▶ Instructions to follow
If a line contains "FestFIC 2019 promove", it is the last one to write out; begin with the first line of the records and copy each exactly.

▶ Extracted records
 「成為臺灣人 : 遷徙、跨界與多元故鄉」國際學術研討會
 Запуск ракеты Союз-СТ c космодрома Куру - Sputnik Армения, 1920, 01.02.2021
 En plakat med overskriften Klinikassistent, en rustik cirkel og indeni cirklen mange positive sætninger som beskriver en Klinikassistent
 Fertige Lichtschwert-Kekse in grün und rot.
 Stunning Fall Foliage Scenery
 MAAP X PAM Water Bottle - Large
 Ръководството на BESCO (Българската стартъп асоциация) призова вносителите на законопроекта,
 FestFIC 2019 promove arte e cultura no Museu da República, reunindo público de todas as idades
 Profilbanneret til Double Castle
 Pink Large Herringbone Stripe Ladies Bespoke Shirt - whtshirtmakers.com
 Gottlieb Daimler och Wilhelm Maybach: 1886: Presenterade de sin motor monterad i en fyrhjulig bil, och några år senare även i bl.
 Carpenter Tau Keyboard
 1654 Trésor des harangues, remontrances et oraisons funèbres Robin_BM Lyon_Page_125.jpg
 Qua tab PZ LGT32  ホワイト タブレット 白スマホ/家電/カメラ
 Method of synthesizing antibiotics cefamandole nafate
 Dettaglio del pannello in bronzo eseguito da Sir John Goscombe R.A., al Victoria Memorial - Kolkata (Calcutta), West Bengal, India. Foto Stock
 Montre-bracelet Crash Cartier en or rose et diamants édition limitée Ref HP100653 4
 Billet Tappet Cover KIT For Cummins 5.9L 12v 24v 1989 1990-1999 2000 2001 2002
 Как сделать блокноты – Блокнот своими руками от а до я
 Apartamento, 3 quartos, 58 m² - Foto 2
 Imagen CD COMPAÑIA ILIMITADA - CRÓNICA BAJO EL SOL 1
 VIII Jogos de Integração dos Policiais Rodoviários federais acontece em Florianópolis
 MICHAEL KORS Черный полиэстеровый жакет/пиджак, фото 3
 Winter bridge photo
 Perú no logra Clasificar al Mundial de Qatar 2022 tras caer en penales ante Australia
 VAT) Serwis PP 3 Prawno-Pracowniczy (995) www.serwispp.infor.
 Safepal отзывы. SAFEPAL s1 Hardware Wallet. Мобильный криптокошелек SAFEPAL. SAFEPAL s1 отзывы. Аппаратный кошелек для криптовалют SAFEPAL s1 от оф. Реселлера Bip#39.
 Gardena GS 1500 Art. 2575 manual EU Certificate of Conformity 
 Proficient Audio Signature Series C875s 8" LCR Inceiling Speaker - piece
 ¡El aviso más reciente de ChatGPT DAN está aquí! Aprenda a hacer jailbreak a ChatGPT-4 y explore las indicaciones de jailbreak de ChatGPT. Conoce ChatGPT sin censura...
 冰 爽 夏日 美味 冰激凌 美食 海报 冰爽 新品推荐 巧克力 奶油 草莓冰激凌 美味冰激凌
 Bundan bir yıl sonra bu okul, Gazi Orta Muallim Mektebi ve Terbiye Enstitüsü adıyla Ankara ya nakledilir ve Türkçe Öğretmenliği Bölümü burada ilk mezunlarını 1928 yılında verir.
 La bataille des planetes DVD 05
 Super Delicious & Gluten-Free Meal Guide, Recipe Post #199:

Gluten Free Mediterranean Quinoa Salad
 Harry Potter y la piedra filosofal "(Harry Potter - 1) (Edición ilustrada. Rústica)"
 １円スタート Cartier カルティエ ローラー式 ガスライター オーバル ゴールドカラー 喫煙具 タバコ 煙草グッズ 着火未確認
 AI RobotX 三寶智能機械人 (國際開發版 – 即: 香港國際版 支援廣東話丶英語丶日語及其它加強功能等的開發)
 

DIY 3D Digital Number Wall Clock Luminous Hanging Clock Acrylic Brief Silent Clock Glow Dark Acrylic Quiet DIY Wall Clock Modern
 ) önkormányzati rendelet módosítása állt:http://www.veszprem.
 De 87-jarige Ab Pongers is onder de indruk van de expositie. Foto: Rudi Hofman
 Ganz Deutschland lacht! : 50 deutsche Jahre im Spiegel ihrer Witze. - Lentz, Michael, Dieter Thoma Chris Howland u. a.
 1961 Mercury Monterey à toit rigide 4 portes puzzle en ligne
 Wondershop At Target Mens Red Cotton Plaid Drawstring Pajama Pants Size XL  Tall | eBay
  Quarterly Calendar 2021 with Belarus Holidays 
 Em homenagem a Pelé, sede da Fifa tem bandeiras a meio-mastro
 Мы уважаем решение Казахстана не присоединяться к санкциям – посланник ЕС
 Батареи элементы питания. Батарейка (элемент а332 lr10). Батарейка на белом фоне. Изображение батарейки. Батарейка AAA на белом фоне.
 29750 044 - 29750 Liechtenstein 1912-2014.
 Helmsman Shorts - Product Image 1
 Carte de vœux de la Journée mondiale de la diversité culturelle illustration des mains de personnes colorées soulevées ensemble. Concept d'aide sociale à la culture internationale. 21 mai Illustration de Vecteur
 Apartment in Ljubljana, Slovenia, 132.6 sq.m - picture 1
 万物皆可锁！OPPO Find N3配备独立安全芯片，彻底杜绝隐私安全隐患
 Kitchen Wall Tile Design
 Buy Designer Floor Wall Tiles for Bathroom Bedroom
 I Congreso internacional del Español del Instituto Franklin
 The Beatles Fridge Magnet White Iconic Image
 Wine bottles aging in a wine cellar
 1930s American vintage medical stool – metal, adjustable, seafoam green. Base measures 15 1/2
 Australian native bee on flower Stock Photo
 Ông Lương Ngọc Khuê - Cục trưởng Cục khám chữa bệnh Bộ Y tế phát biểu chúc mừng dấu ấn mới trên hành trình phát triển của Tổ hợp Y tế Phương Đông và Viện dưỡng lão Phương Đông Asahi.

▶ Your solution
 「成為臺灣人 : 遷徙、跨界與多元故鄉」國際學術研討會
 Запуск ракеты Союз-СТ c космодрома Куру - Sputnik Армения, 1920, 01.02.2021
 En plakat med overskriften Klinikassistent, en rustik cirkel og indeni cirklen mange positive sætninger som beskriver en Klinikassistent
 Fertige Lichtschwert-Kekse in grün und rot.
 Stunning Fall Foliage Scenery
 MAAP X PAM Water Bottle - Large
 Ръководството на BESCO (Българската стартъп асоциация) призова вносителите на законопроекта,
 FestFIC 2019 promove arte e cultura no Museu da República, reunindo público de todas as idades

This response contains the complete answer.